• _What the exercise asks_:
From the listing below, give again exactly the lines from the line with "programes ha vist" to the line with "秒針停止機能未使用 シチズン レコードレーベル", ends included, without any pictures.

• _Records provided_:

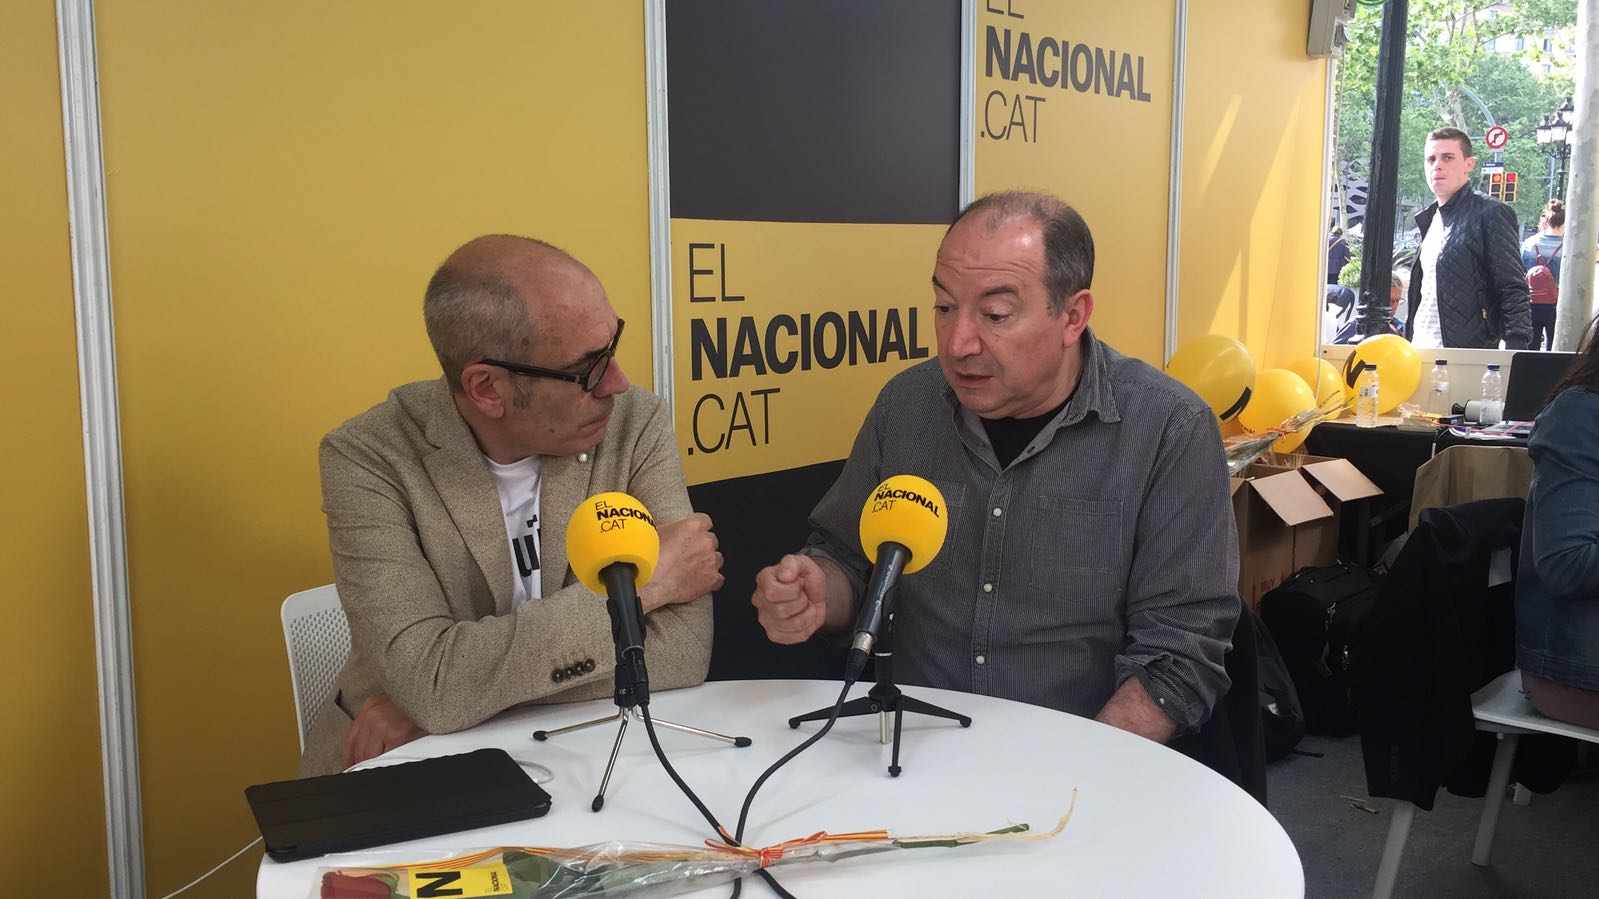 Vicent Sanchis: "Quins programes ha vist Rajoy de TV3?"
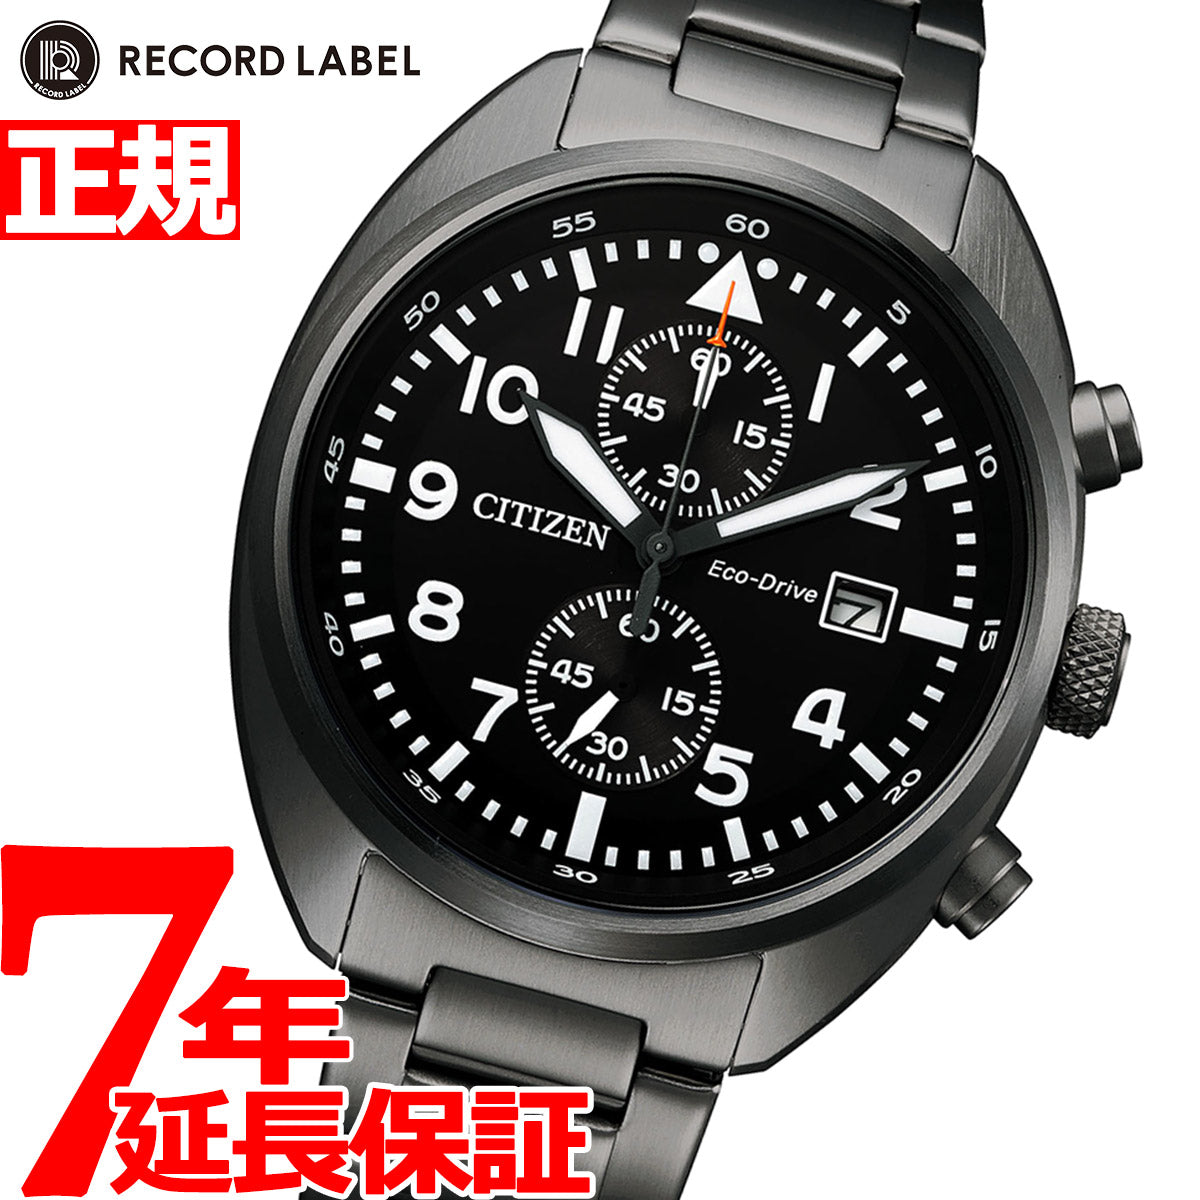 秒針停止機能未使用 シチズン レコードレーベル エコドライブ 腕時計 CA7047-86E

==

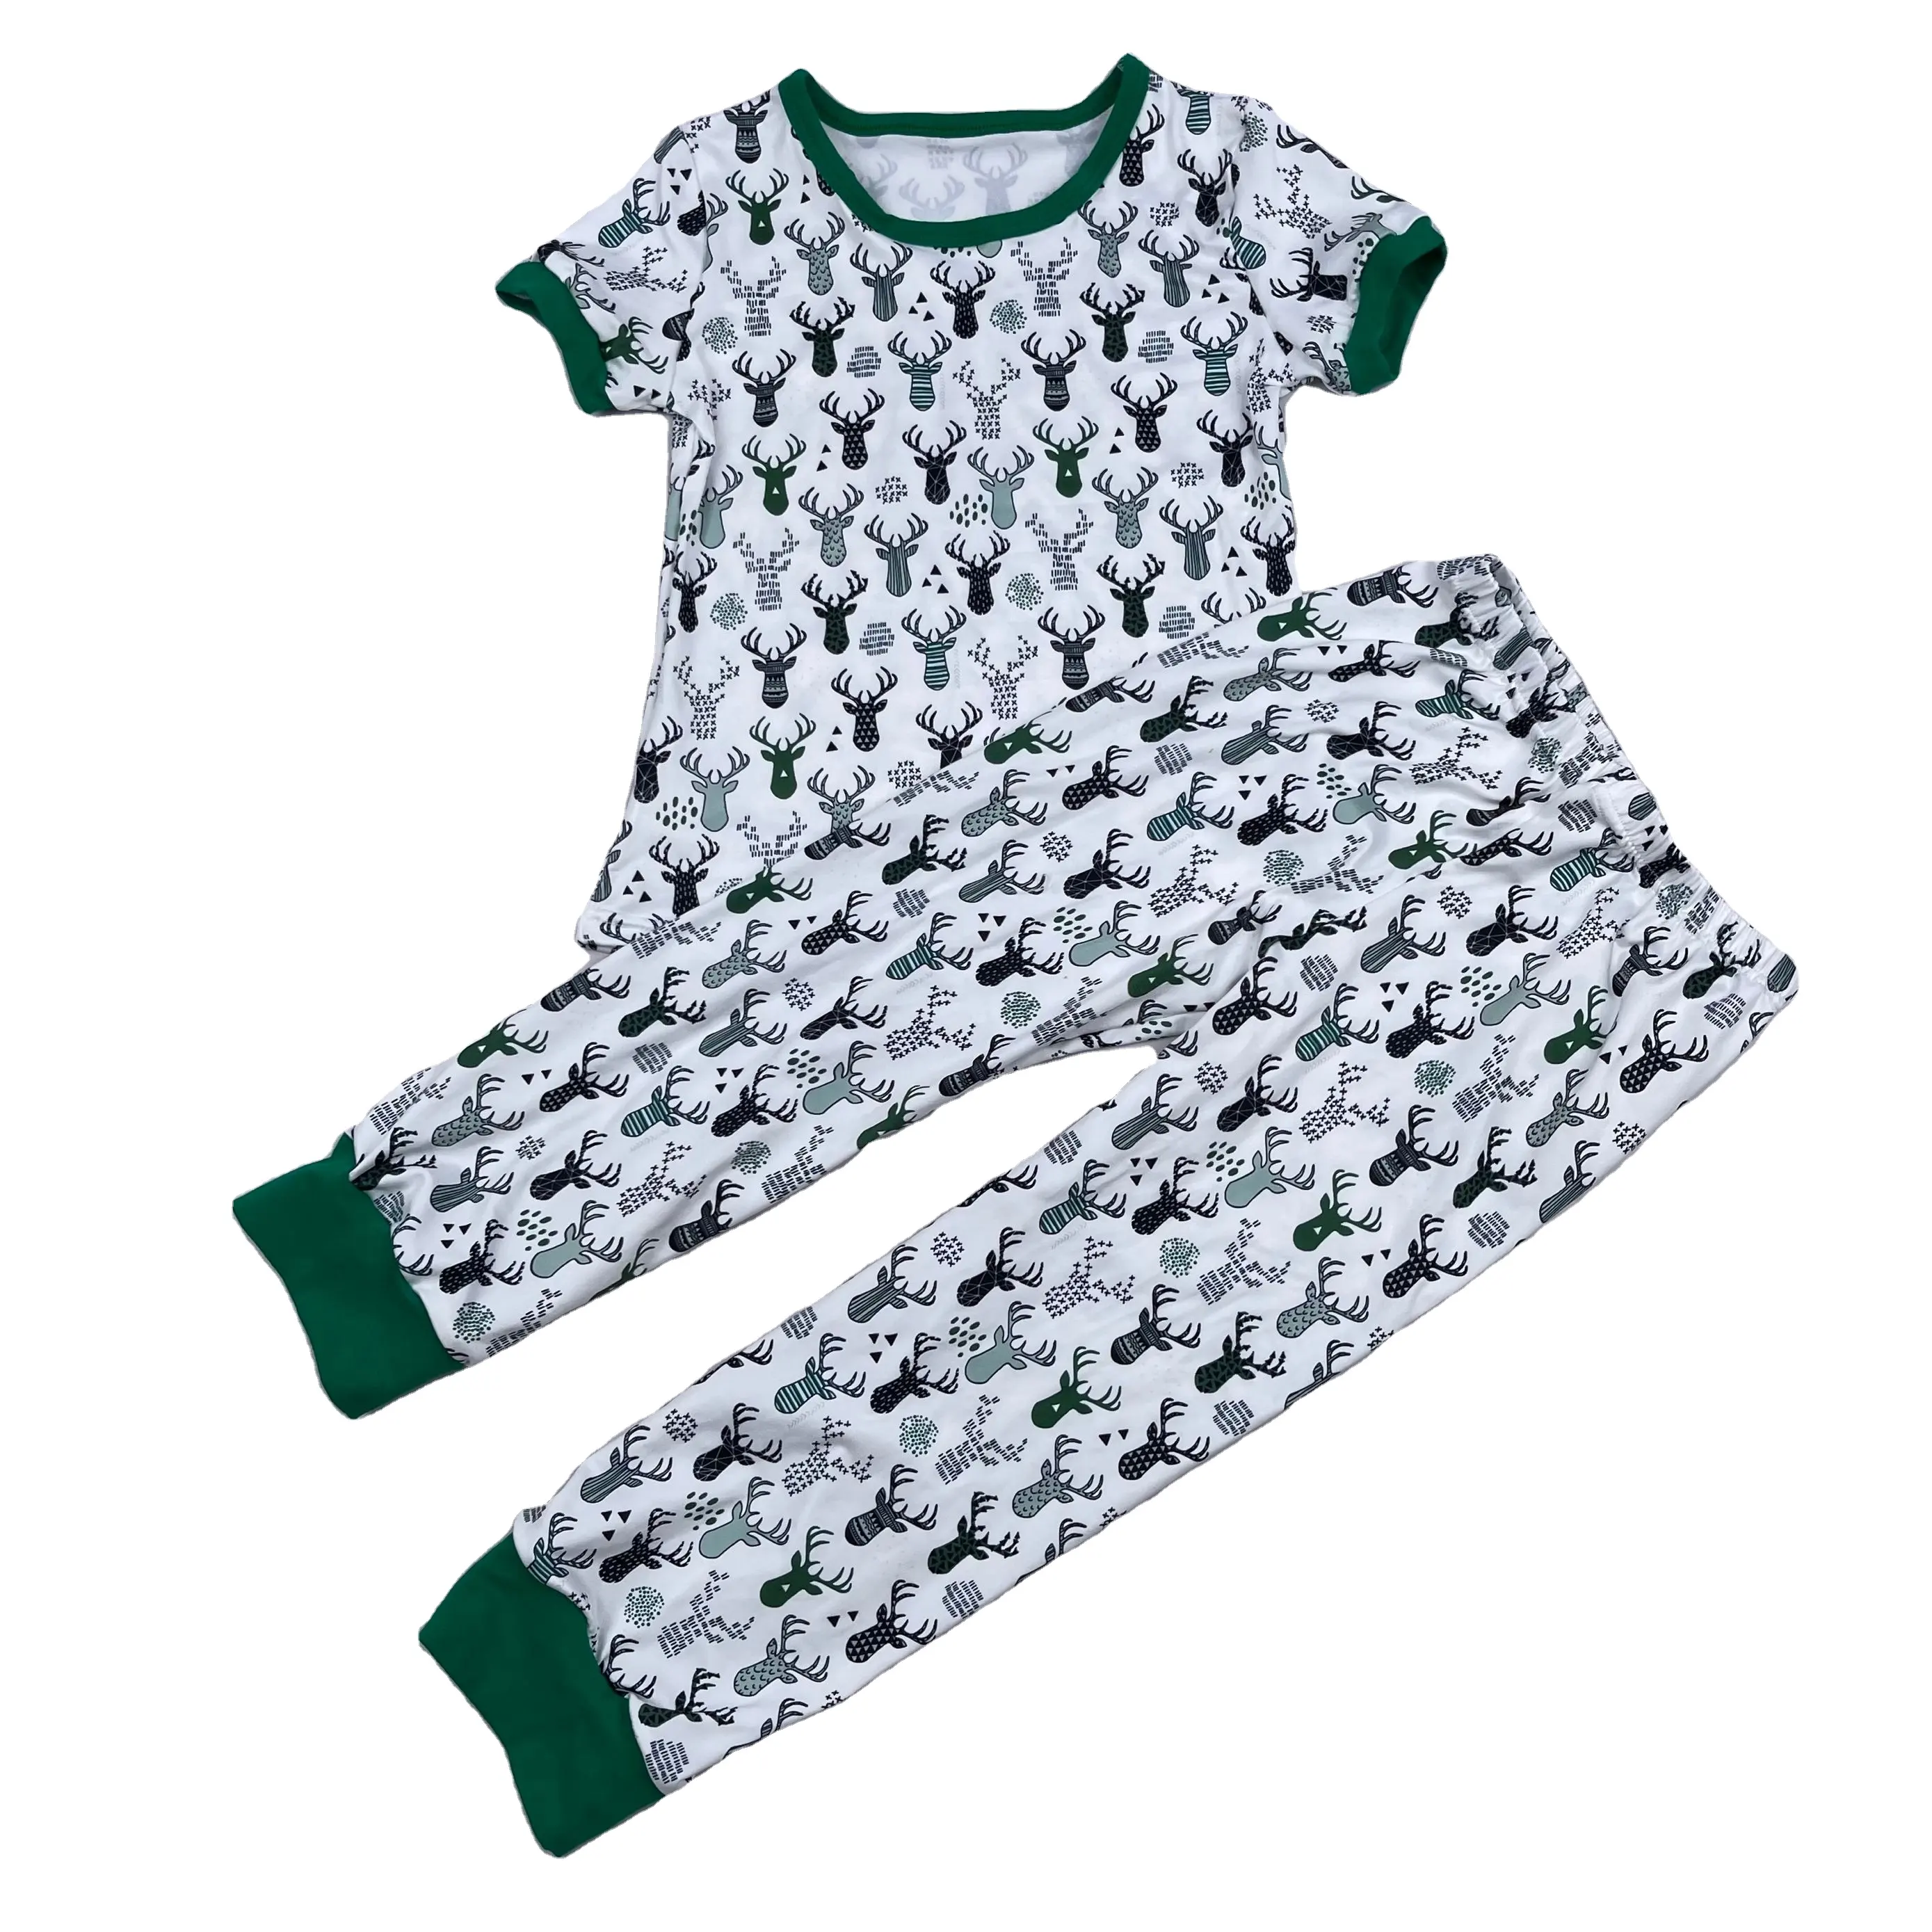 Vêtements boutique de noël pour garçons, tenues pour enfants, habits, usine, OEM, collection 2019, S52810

• _Exercise answer_:
 Vicent Sanchis: "Quins programes ha vist Rajoy de TV3?"
 秒針停止機能未使用 シチズン レコードレーベル エコドライブ 腕時計 CA7047-86E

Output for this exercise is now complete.